[comp.benchmarks] VGX benchmark redux

thomson@cs.utah.edu (Rich Thomson) (04/09/91)

In article <1991Mar28.213128.9355@hellgate.utah.edu>, I posted a VGX
benchmark program mailed to me by Brian McClendon of SGI.  I have
recently found the time to take a close look at this program and the
one posted by Kurt Akeley.

Although I have yet to try this particular program out on a VGX
machine, I will postpone that effort folr this particular program.  If
we examine the code of the program, we find that the polygons it is
attempting to display are created with the following loop:

#define SQRT3_2	(1.7321/2.0)
    /* initialize data arrays */
    for (i=0; i<(1 + NUMTRI/2); i++) {
	tribuf[i*8+0] = size*i;
	tribuf[i*8+1] = 0;
	tribuf[i*8+2] = 0;
	tribuf[i*8+4] = size*i + size/2;
	tribuf[i*8+5] = size*SQRT3_2;
	tribuf[i*8+6] = 0;
    }

    [...]

    bgntmesh();
    for(i=0;i<(1 + NUMTRI/2);i++)
    {
    	n3f(&normbuf[(i%2)*4]);
    	v3f(&tribuf[i*8]);
    	n3f(&normbuf[(i%4)*4]);
    	v3f(&tribuf[i*8 + 4]);
    }
    endtmesh();
    closeobj();

Notice that this creates a big, linear triangle strip that stretches
off the right side of the screen (especially if the triangles are the
50-pixel triangles quoted in the marketing literature).  This results
in most of the triangles being clipped from the view volume.

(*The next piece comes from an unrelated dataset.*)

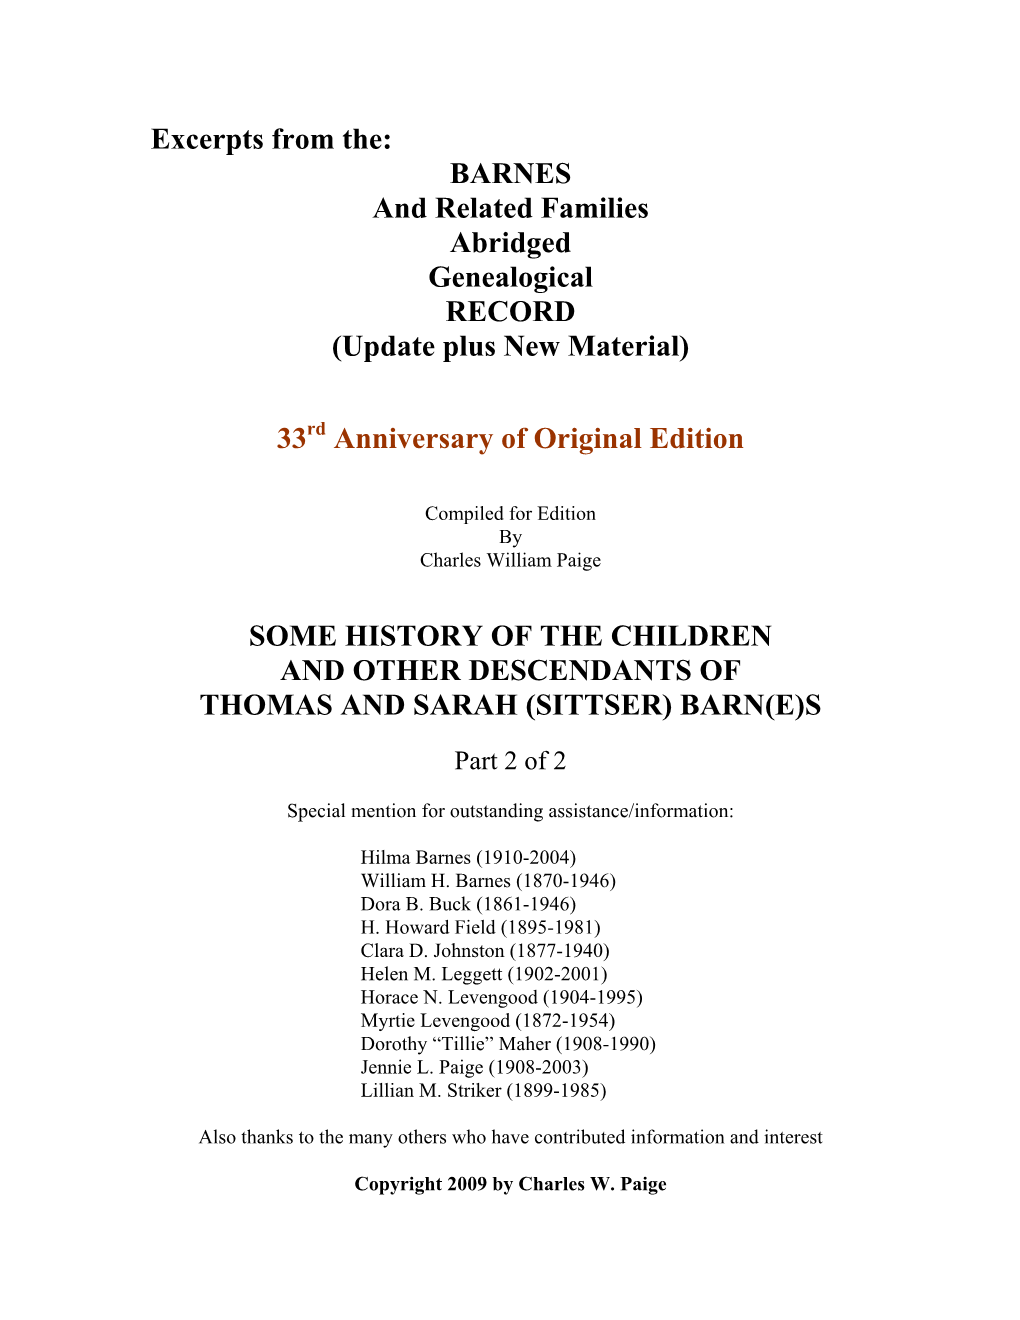 BARNES and Related Families Abridged Genealogical RECORD (Update Plus New Material)

The program that Kurt Akeley posted in article
<1991Apr1.154902.17858@odin.corp.sgi.com> was much more reasonable, it
created a certain number of triangles per strip, with each strip being
linear, but with all the strips beginning at the same position
relative to the display window:

    /* initialize data arrays */
    for (i=0; i<MAXVERTEX; i+=1) {
	meshbuf[VERTSIZE*i+0] = (i&1) ? 0.0 : 1.0;
	meshbuf[VERTSIZE*i+1] = 0.0;
	meshbuf[VERTSIZE*i+2] = (i&1) ? 1.0 : 0.0;
	meshbuf[VERTSIZE*i+3] = 0;
	meshbuf[VERTSIZE*i+4] = 10.0 + (float)(size*(i>>1)) +
				       (float)(offset*(i&1));
	meshbuf[VERTSIZE*i+5] = 10.0 + (float)(size*(i&1));
	meshbuf[VERTSIZE*i+6] = 0.0;
	meshbuf[VERTSIZE*i+7] = 0;
    }

	[...]

#define LIGHTVERT(i) n3f(fp+(VERTSIZE*(i))); v3f(fp+(VERTSIZE*(i))+4)
    for (i=events; i>0; i--) {
	fp = meshbuf;
	bgntmesh();
	LIGHTVERT(0);
	LIGHTVERT(1);
	LIGHTVERT(2);
	endtmesh();
    }

Now on to some comments on Kurt's article:

> We take our graphics performance claims very seriously here at Silicon
> Graphics.

I'm sure you take them as seriously as MIPS, HP, and IBM take their
spec mark ratings.  Sadly the graphics community does not yet have the
equivalent of the specmark rating on which to intelligently compare
different platforms.  Just look at the claims made when comparing X
implementations.  The customer gets left in the lurch unless they
undertake analyzing the voluminous output of x11perf to find out the
real story.

I began to be skeptical when I saw the figure posted several times on
comp.graphics and queries to the poster responded with "its from out
marketing literature, I'll ask a ``tech type'' to send you a program"
(I never heard back from him).  Also, at a recent VGX demonstration at
the U, the rep couldn't tell me details about the figure, nor could he
show me a program with a high polygon rate.  He also didn't have any
models with several hundred thousand (say, 40% of the peak figure,
or 300K - 400K polygons) polygons, although he's a sharp enough man
that I imagine he WILL have them next time in case I'm there. ;-}

Hopefully, when the Graphics Performance Committee releases its
Picture Level Benchmark program (& numbers come forth from vendors)
this situation will be alleviated.  For now, we are stuck with
comparing performance numbers from each different vendor and
attempting to infer useful comparisons from widely differing measures.

For instance, you say:
> [quoted performance comes from] tuned programs that use ONLY
> commands that are available in the Graphics Library.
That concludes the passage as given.